*Task item:*
Repeat the lines of the data exactly and exclude any picture among them.

*Provided data:*
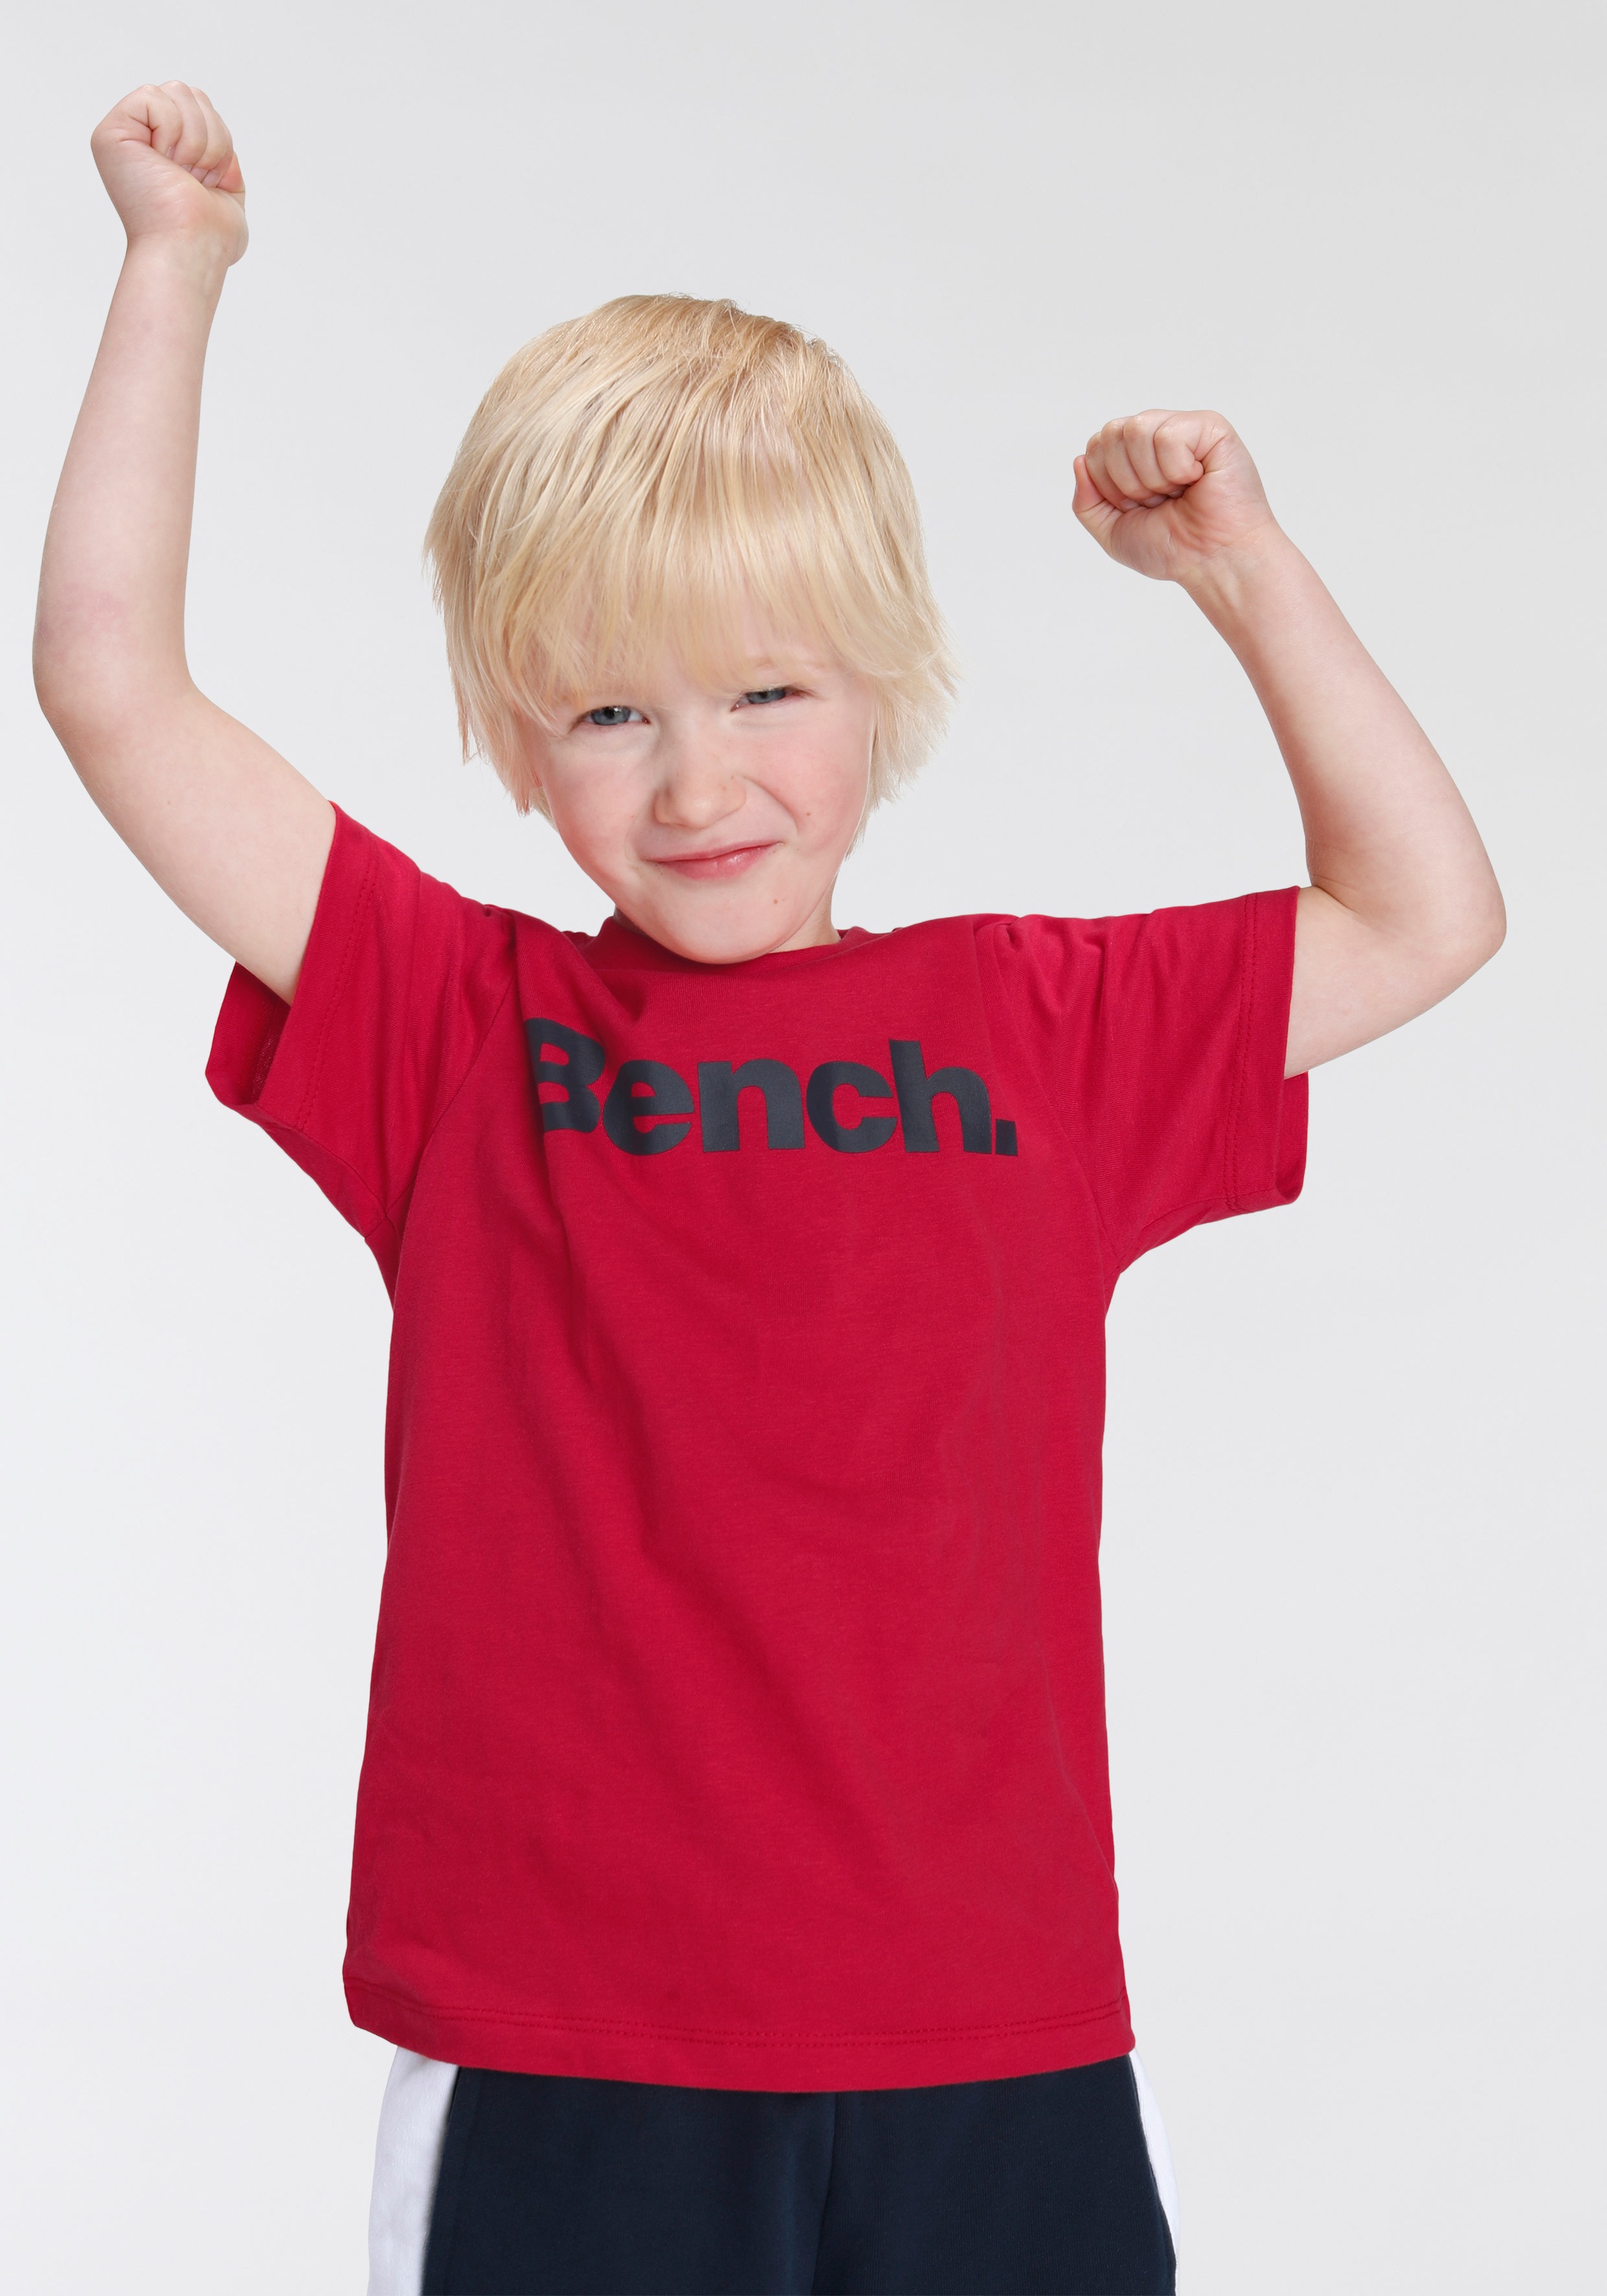 Bench. T-Shirt & Sweatbermudas, (Set, 2 tlg.) Online-Shop bestellen im
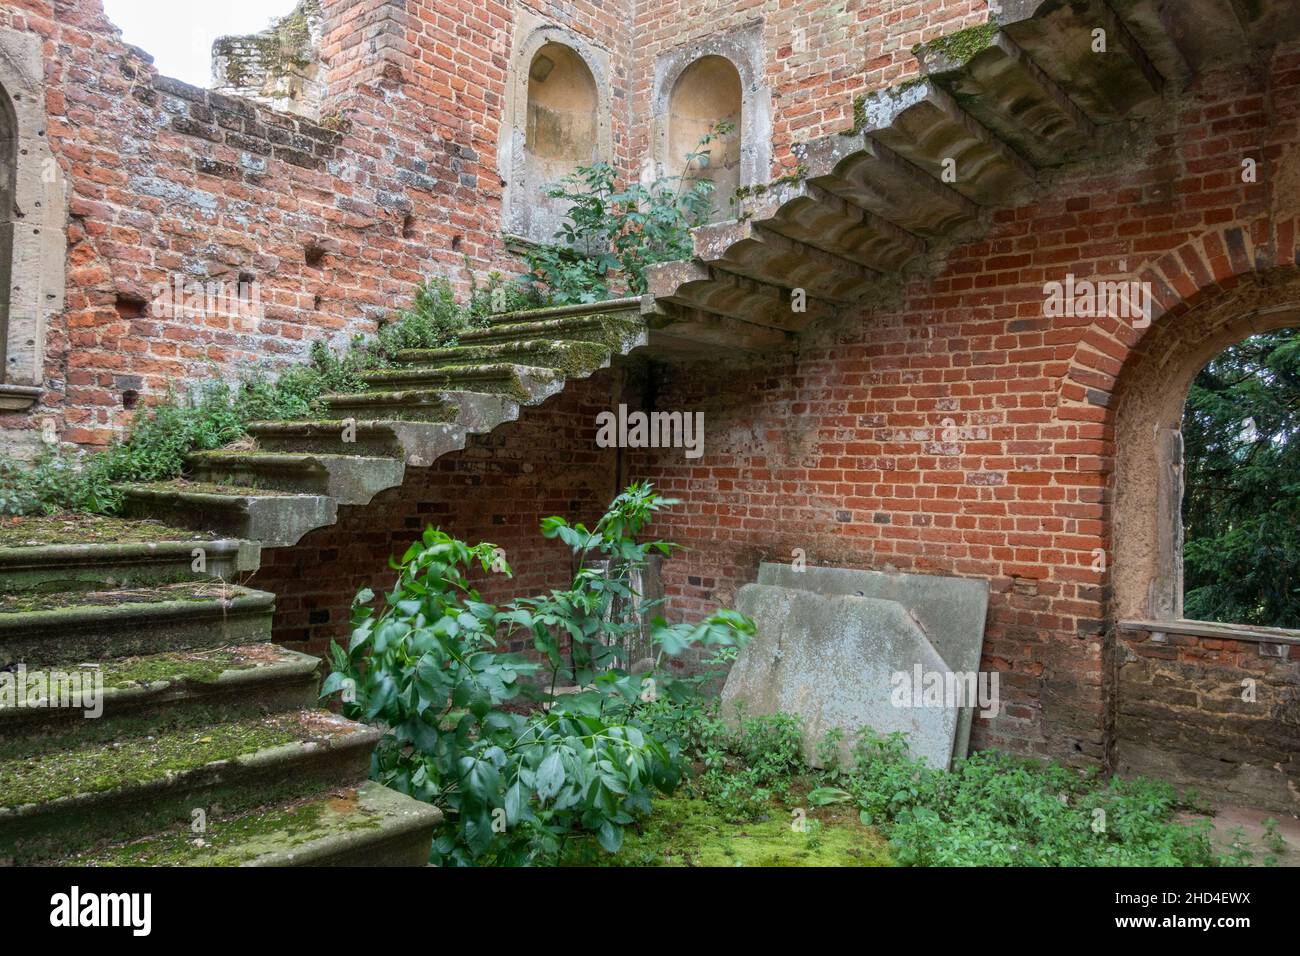 Detail zeigt die freitragende Treppe in der Ruine von Kirby Hall, einem elisabethanischen Landhaus, in der Nähe von Gretton, Northamptonshire, England. Stockfoto
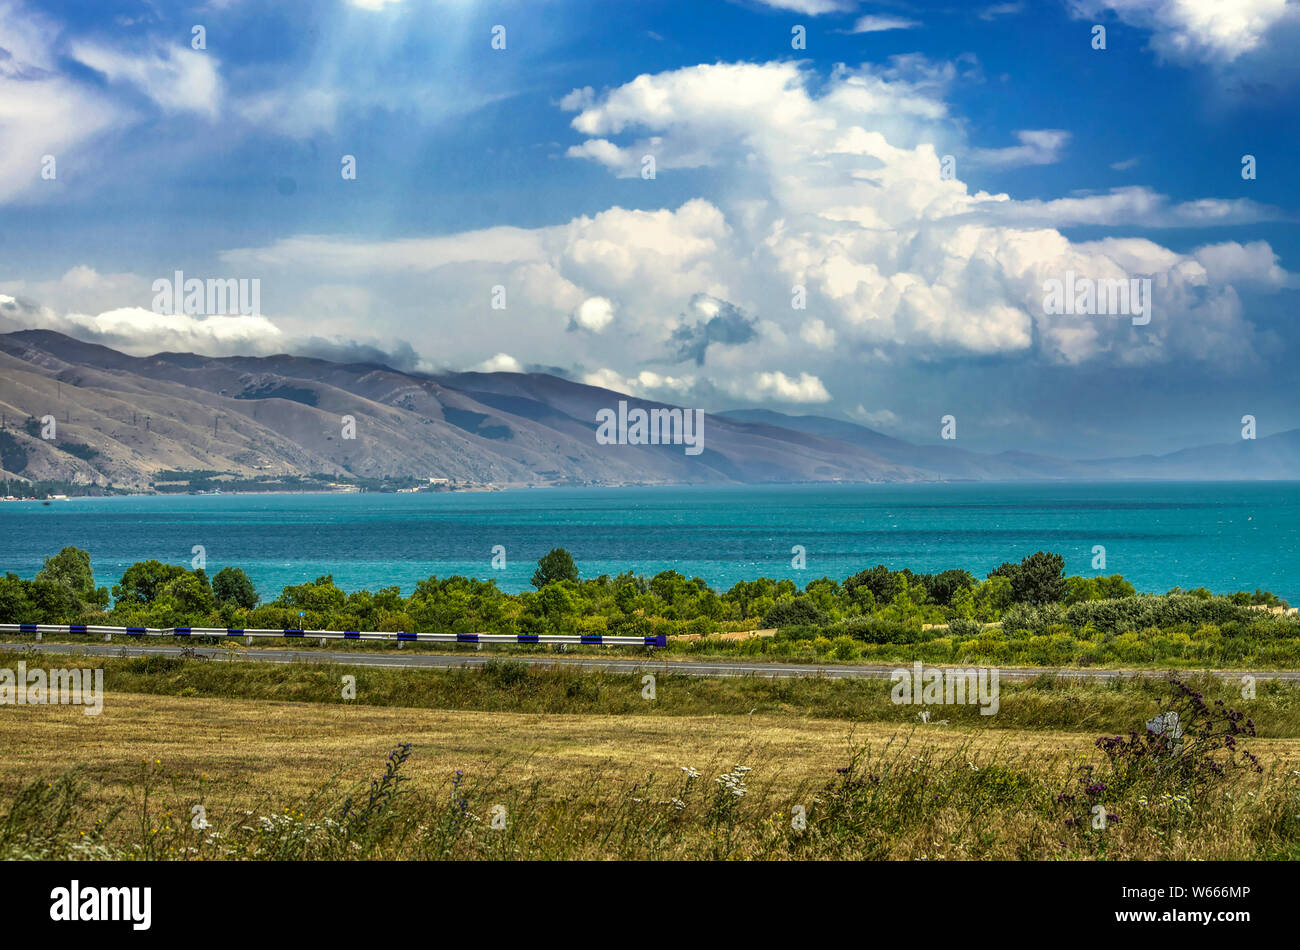 El lago Sevan de alta montaña, rodeado por las montañas de Geghama, está cubierto con nubes gruesas vista desde la carretera pasando a lo largo de la costa Foto de stock
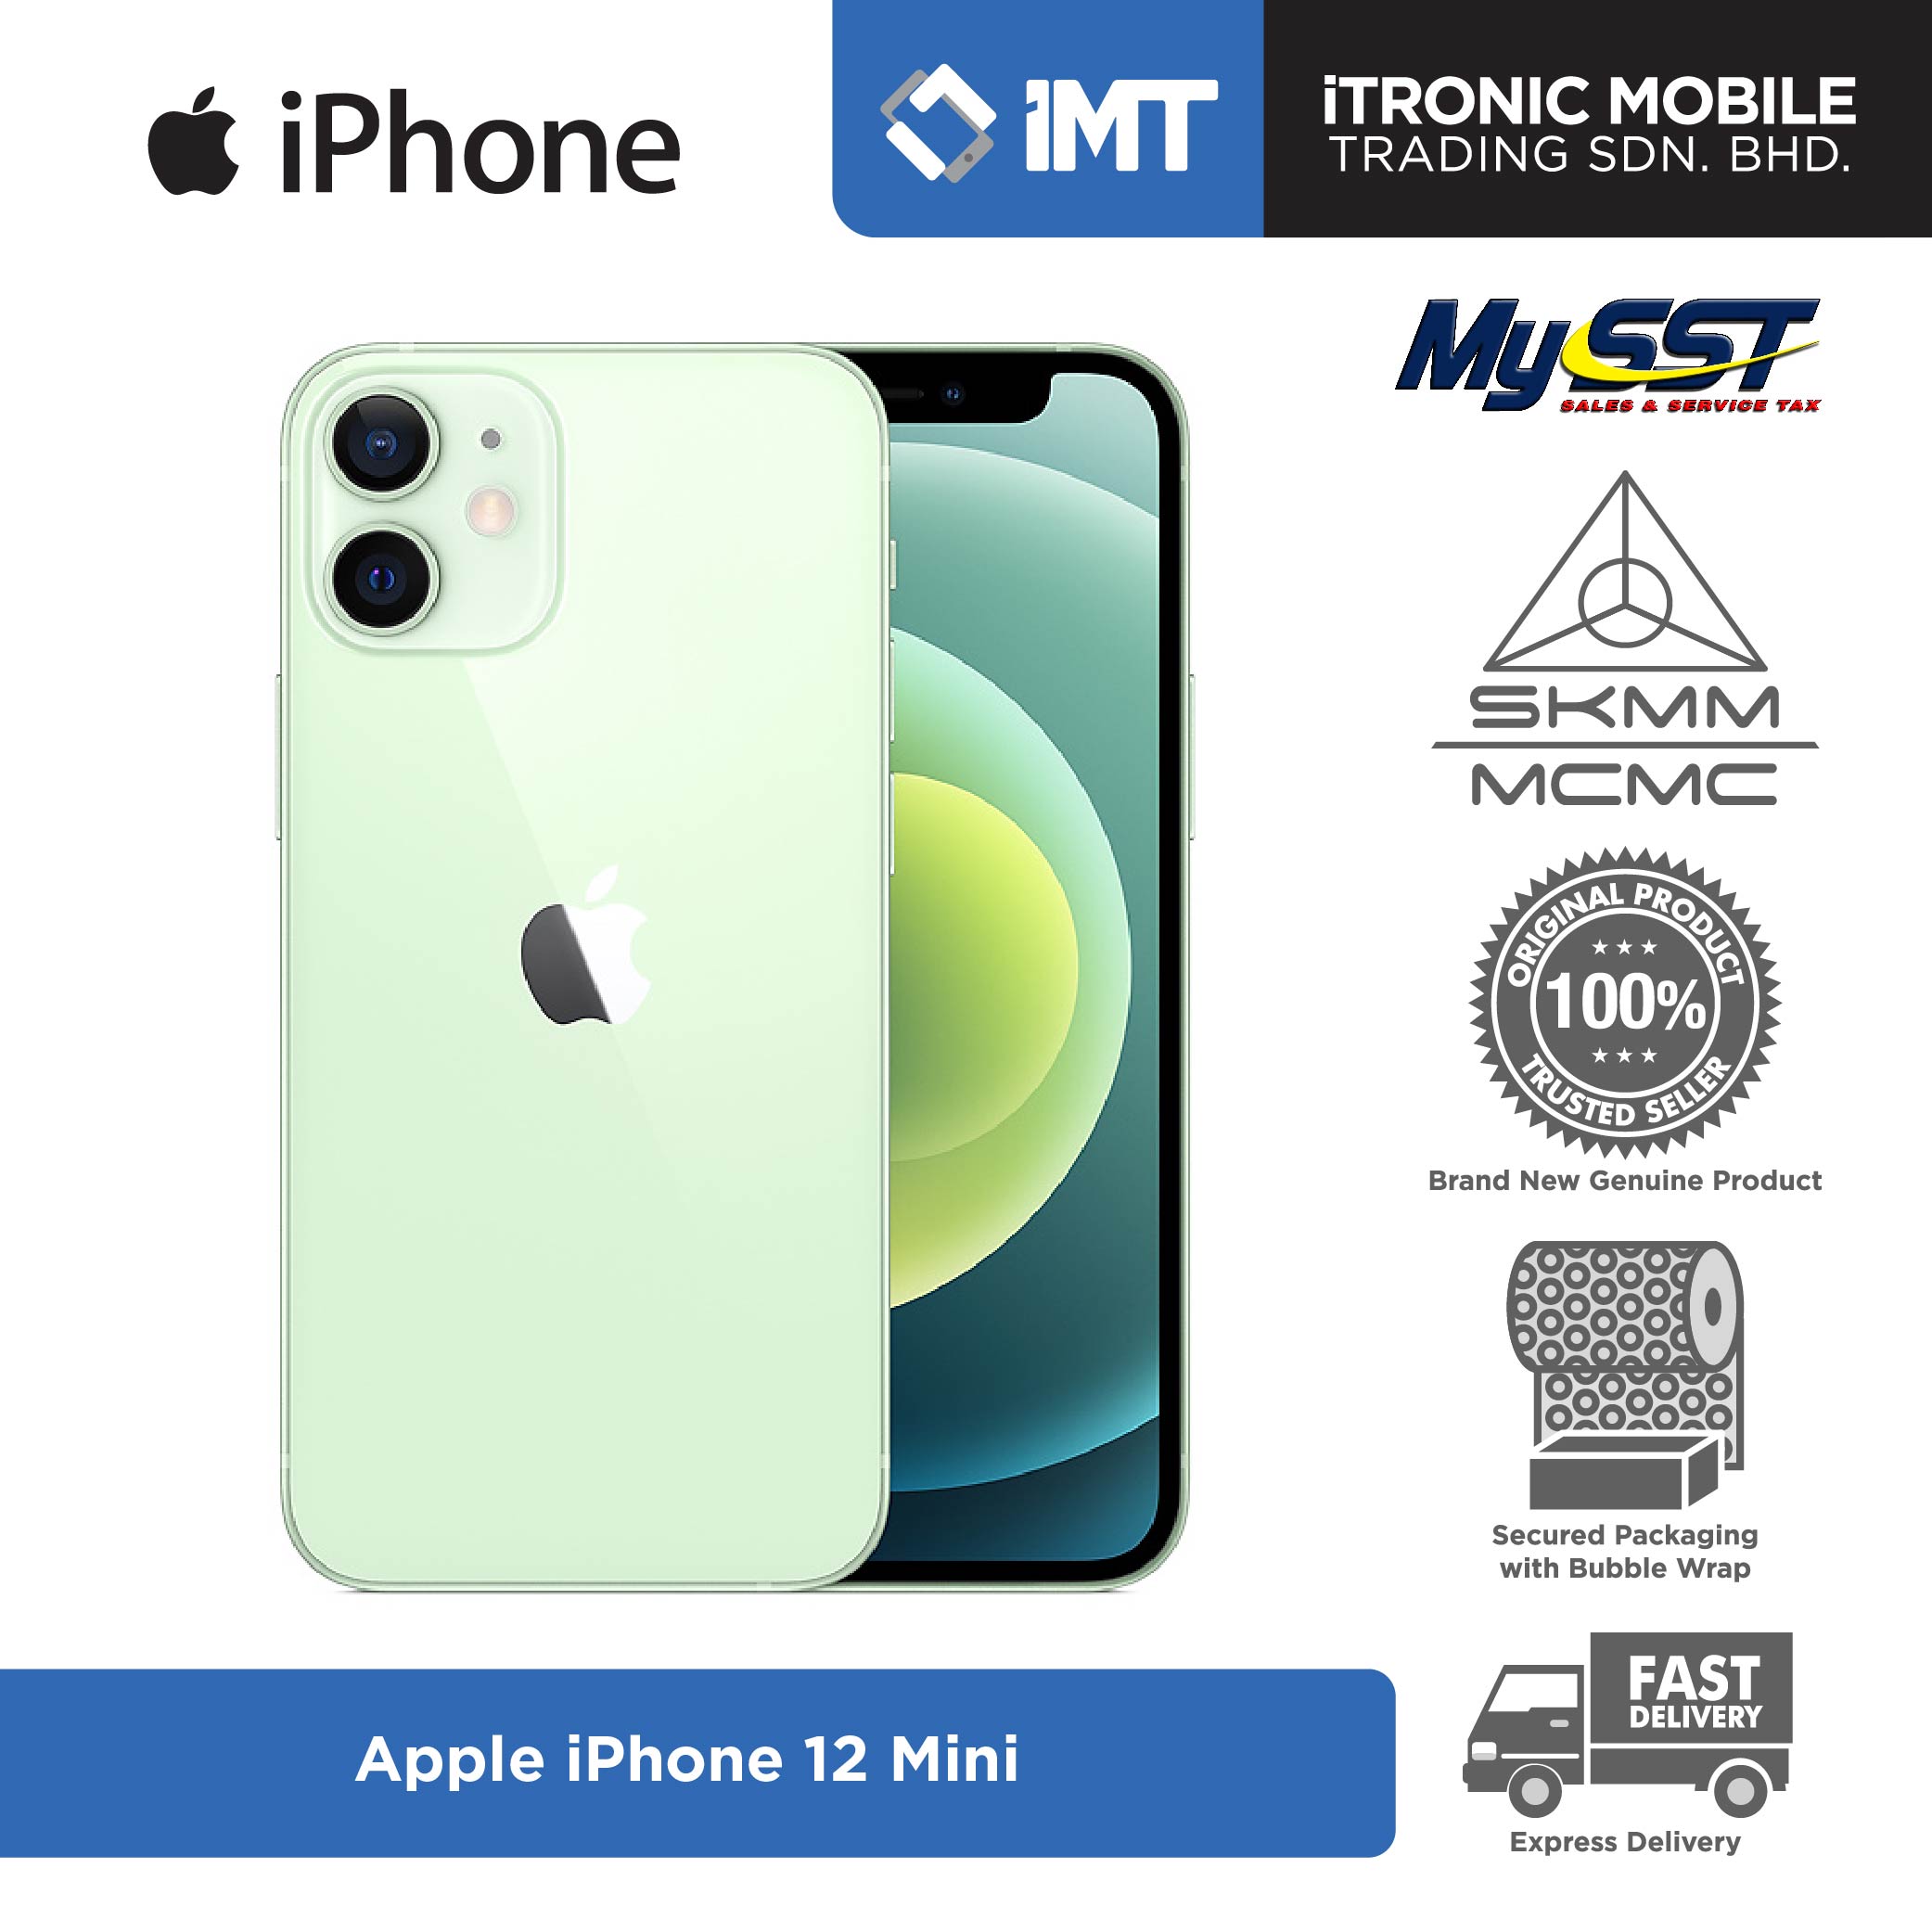 Iphone 12 price in malaysia

*Written reply:*
 Bench. T-Shirt & Sweatbermudas, (Set, 2 tlg.) Online-Shop bestellen im
 Detail zeigt die freitragende Treppe in der Ruine von Kirby Hall, einem elisabethanischen Landhaus, in der Nähe von Gretton, Northamptonshire, England. Stockfoto
 El lago Sevan de alta montaña, rodeado por las montañas de Geghama, está cubierto con nubes gruesas vista desde la carretera pasando a lo largo de la costa Foto de stock
 Iphone 12 price in malaysia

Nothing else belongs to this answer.